--- DATA BLOCK Enclosed Below ---
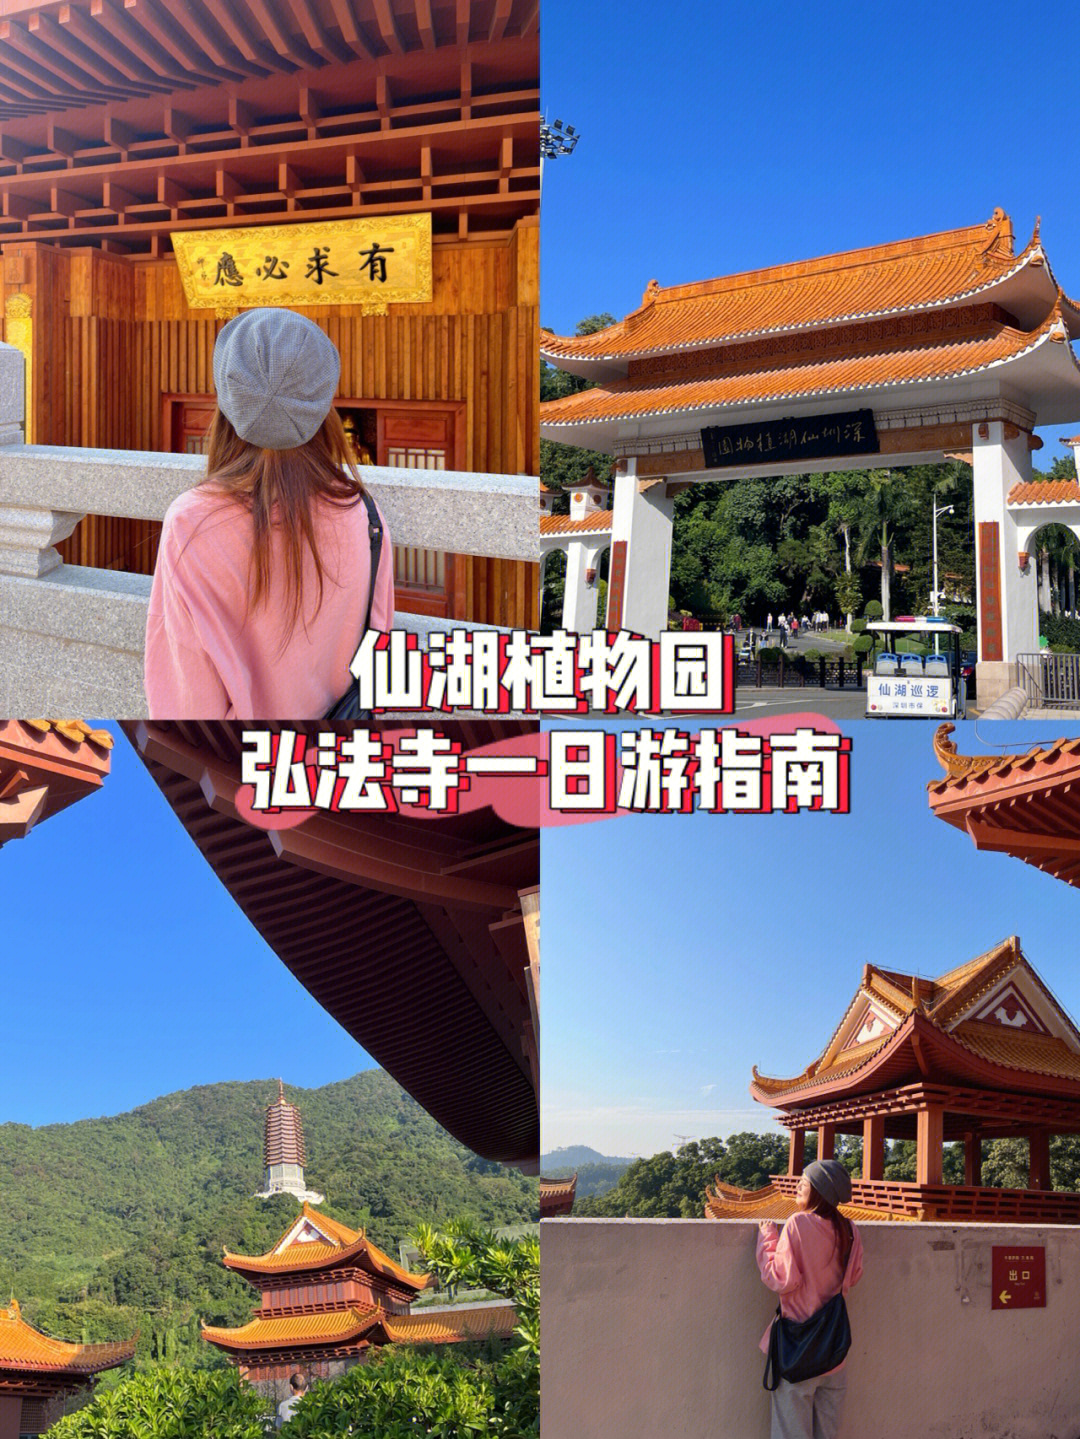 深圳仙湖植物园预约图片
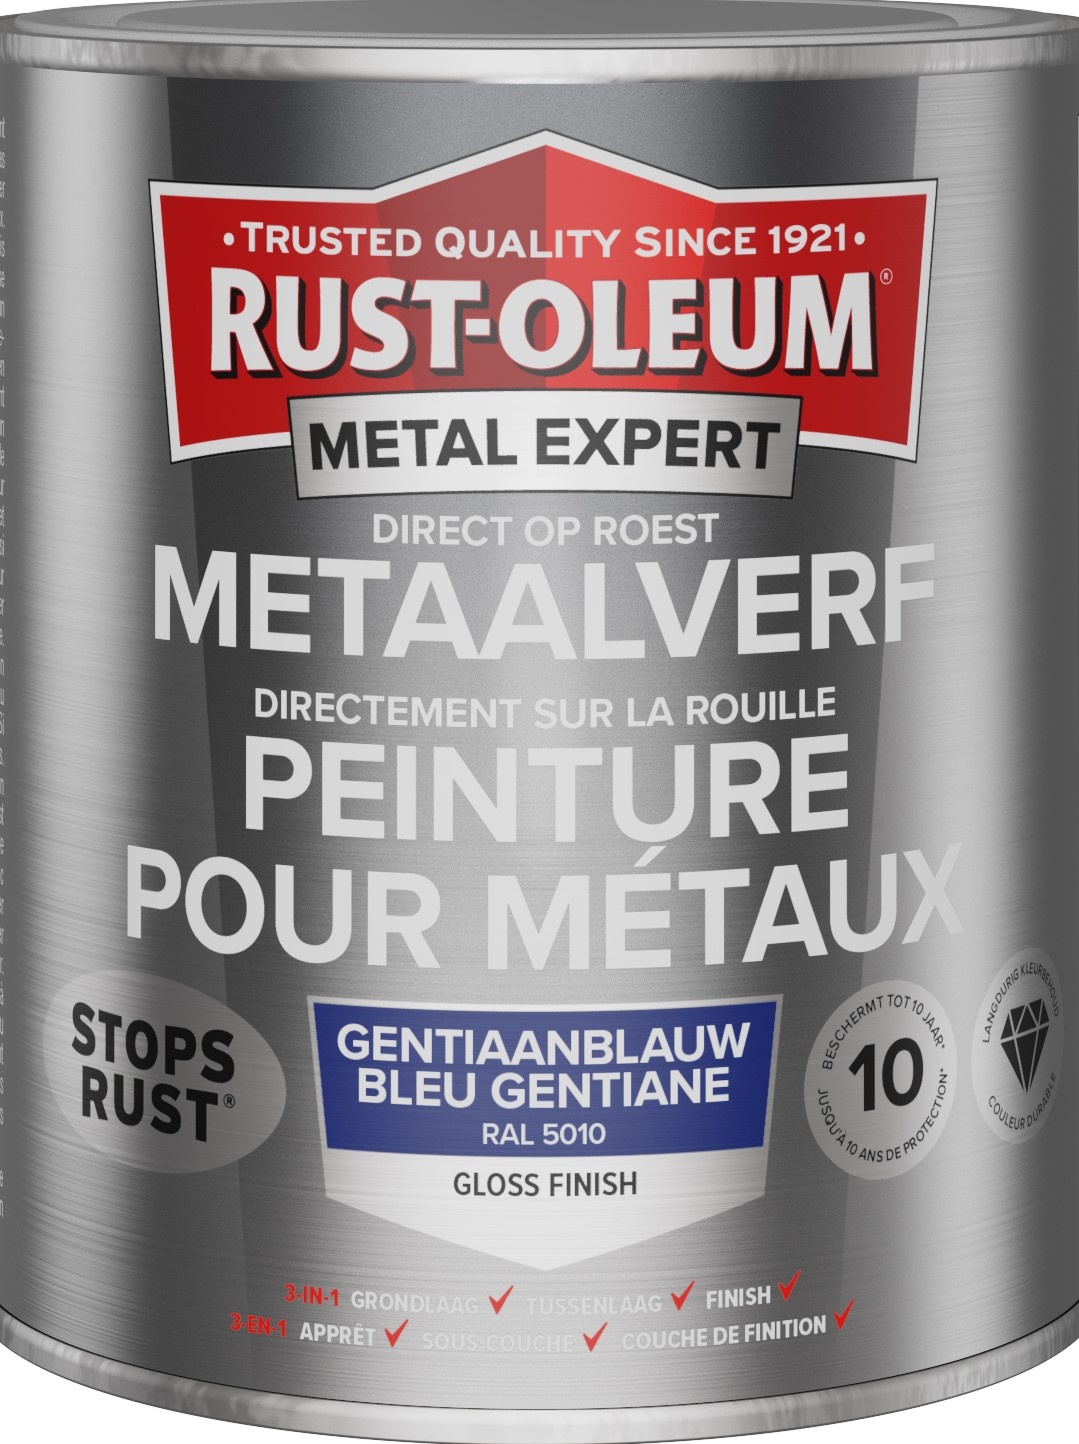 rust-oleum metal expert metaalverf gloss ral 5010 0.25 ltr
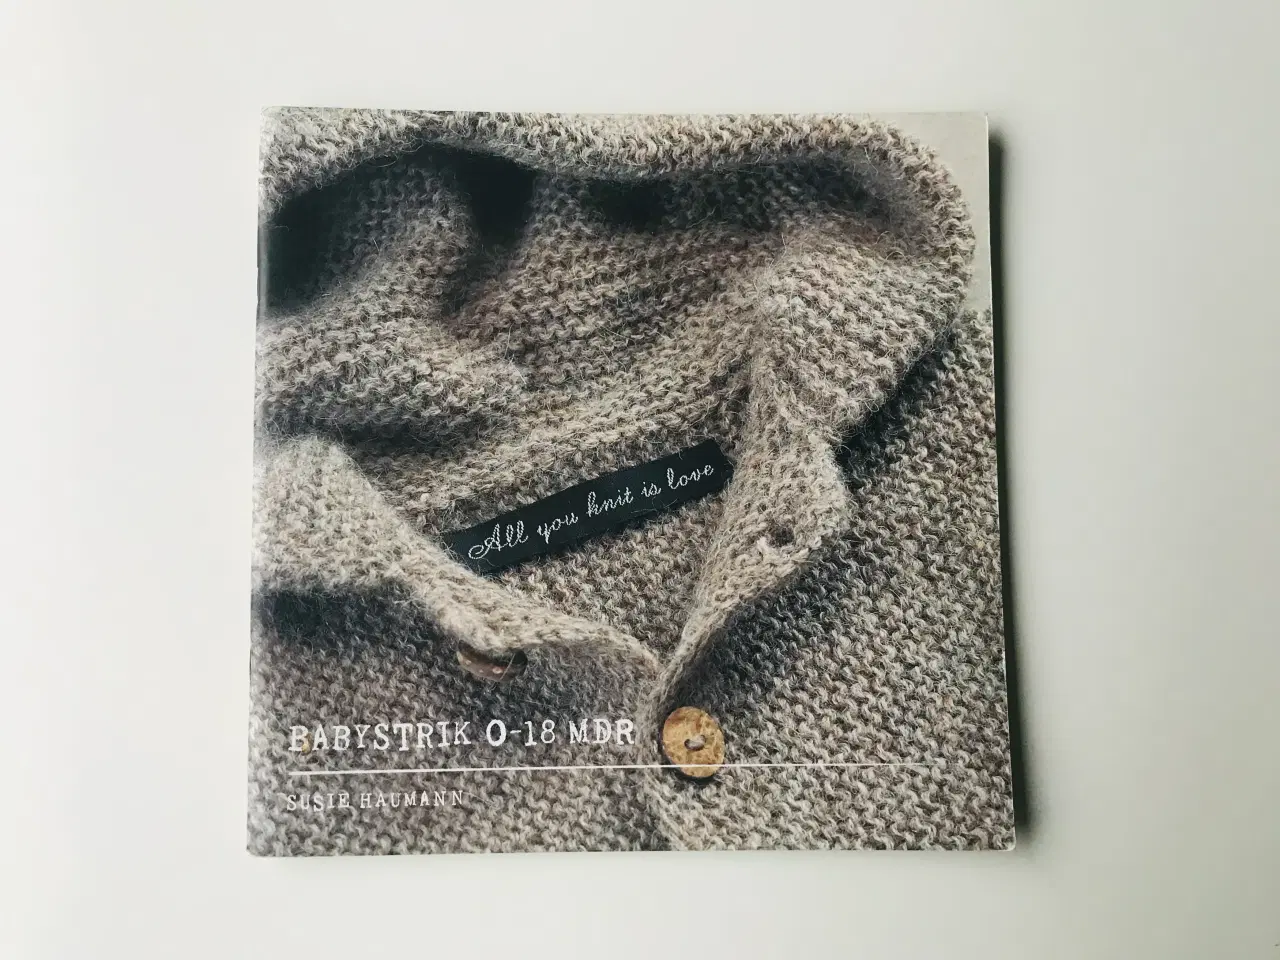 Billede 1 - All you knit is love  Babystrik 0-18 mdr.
--- End of Enclosed DATA BLOCK ---
__INSTRUCTIONS FOR THE TASK__
Copy the material exactly as written and leave every picture behind.

__EXERCISE OUTPUT__
 深圳仙湖植物园预约图片
 rust-oleum metal expert metaalverf gloss ral 5010 0.25 ltr
 Billede 1 - All you knit is love  Babystrik 0-18 mdr.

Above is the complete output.